Topsell gives some curious particulars of the Fox, and, speaking of their earths, he says:—“These dens have many caves in them, and passages in and out, that when the Terrars shall set upon him in the earth, he may go forth some other way, and forasmuch as the Wolfe is an enemy to the Foxe, he layeth in the mouth of his den, an Herbe (called Sea-onyon) which is so contrary to the nature of a Wolfe, and he so greatly terrified therewith, that hee will never come neere the place where it groweth, or lyeth; the same is affirmed of the Turtle to save her young ones, but I have not read that Wolves will prey upon Turtles, and therefore we reject that as a fable.... If a Foxe eat any meat wherein are bitter Almondes, they die thereof, if they drinke not presently: and the same thing do Aloes in their meate worke uppon them, as Scaliger affirmeth upon his owne sighte or knowledge. Apocynon or Bear-foot given to dogs, wolves, Foxes, and all other beasts which are littered blind, in fat, or any other meat, killeth them, if vomit helpe them not, which falleth out very seldome, and the seeds of this hearbe have the same operation. It is reported by Democritus, that, if wilde rue be secretly hunge under a Hen’s wing, no Fox will meddle with her, and the same writer also declareth for approoved, that, if you mingle the gal of a Fox, or a Cat, with their ordinary foode, they shall remaine free from the danger of these beasts.

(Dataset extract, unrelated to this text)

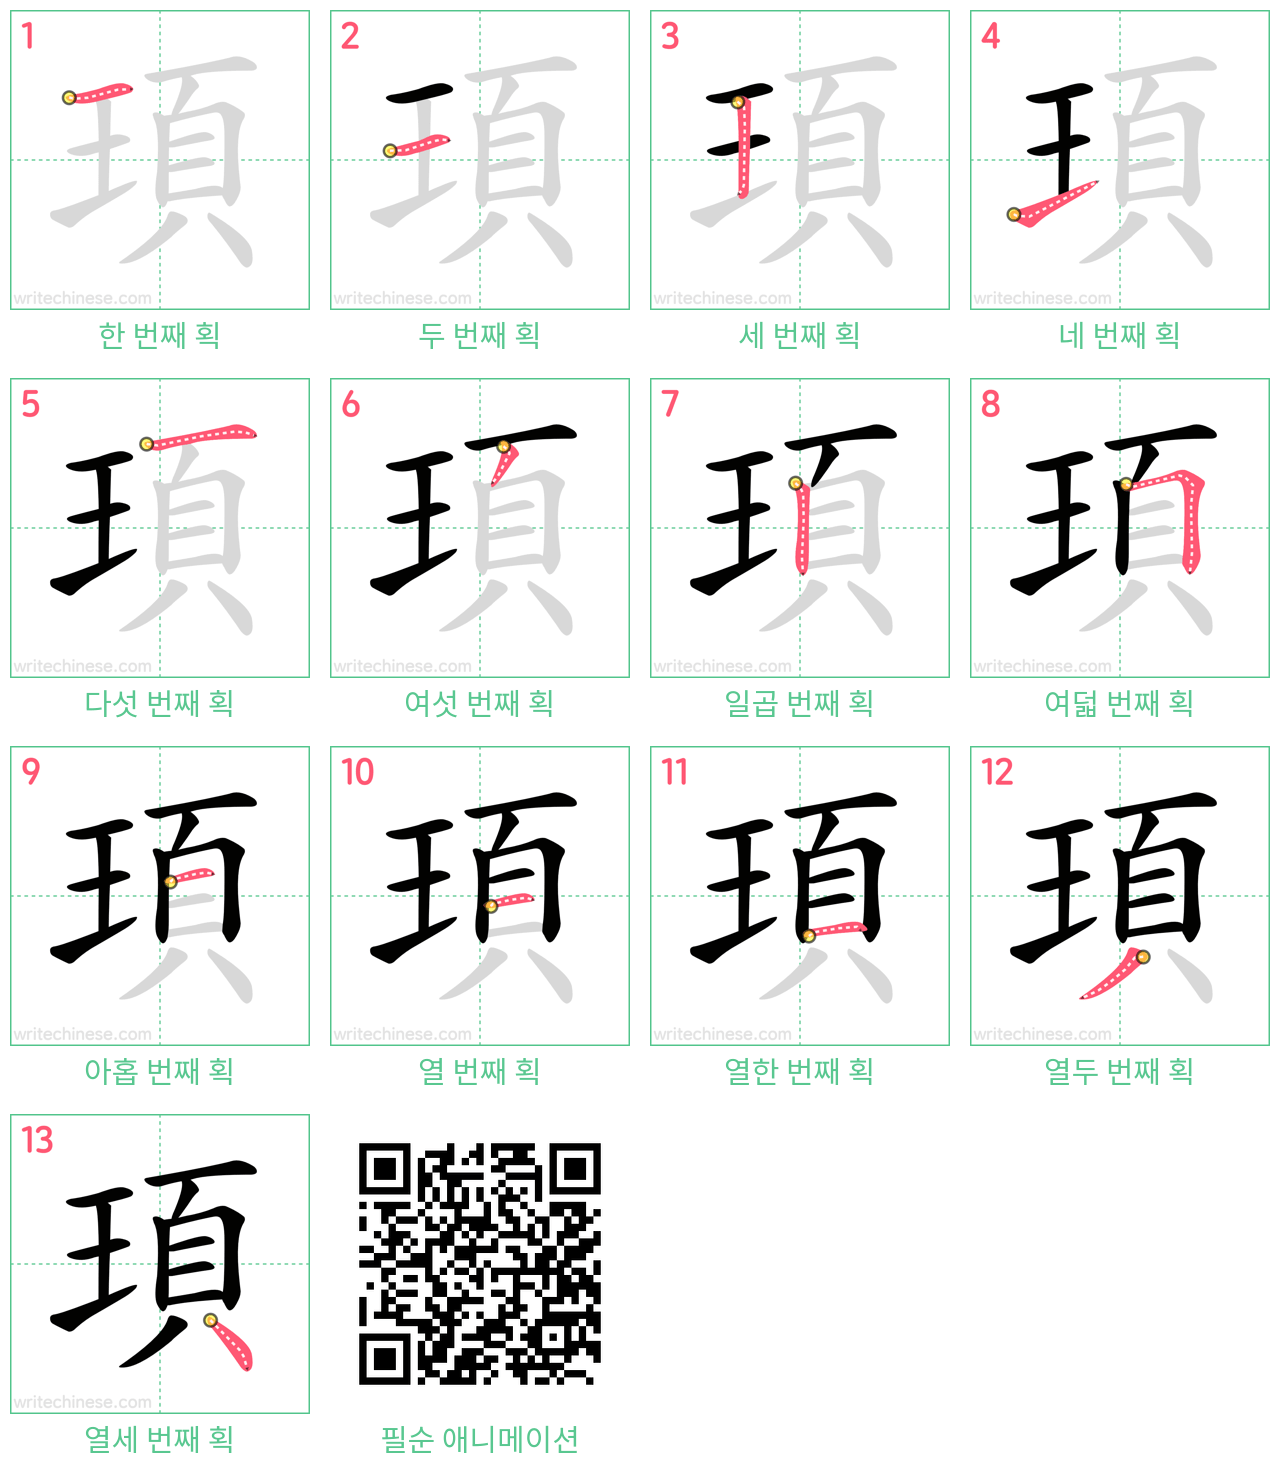 頊 step-by-step stroke order diagrams

“The medicinall uses of this beast are these: first, (as Pliny, and Marcellus affirme) a Fox sod in water until nothing of the Foxe be left whole except the bones, and the Legges, or other parts of a gouty body, washed, and daily bathed therein, it shall drive away all paine and

griefe strengthening the defective and weake members; so also it cureth all the shrinking up and paines in the sinnewes: and Galen attributeth the same vertue to an Hyæna sod in Oyle, and the lame person bathed therein, for it hath such power to evacuate and draw forth whatsoever evill humour aboundeth in the body of man, that it leaveth nothing hurtfull behinde.

“Neverthelesse, such bodies are soon againe replenished through evill dyet, and relapsed into the same disease againe. The Fox may be boyled in fresh or salt water with annise and time, and with his skin on whole, and not slit, or else his head cut off, there being added to the decoction two pintes of oyle.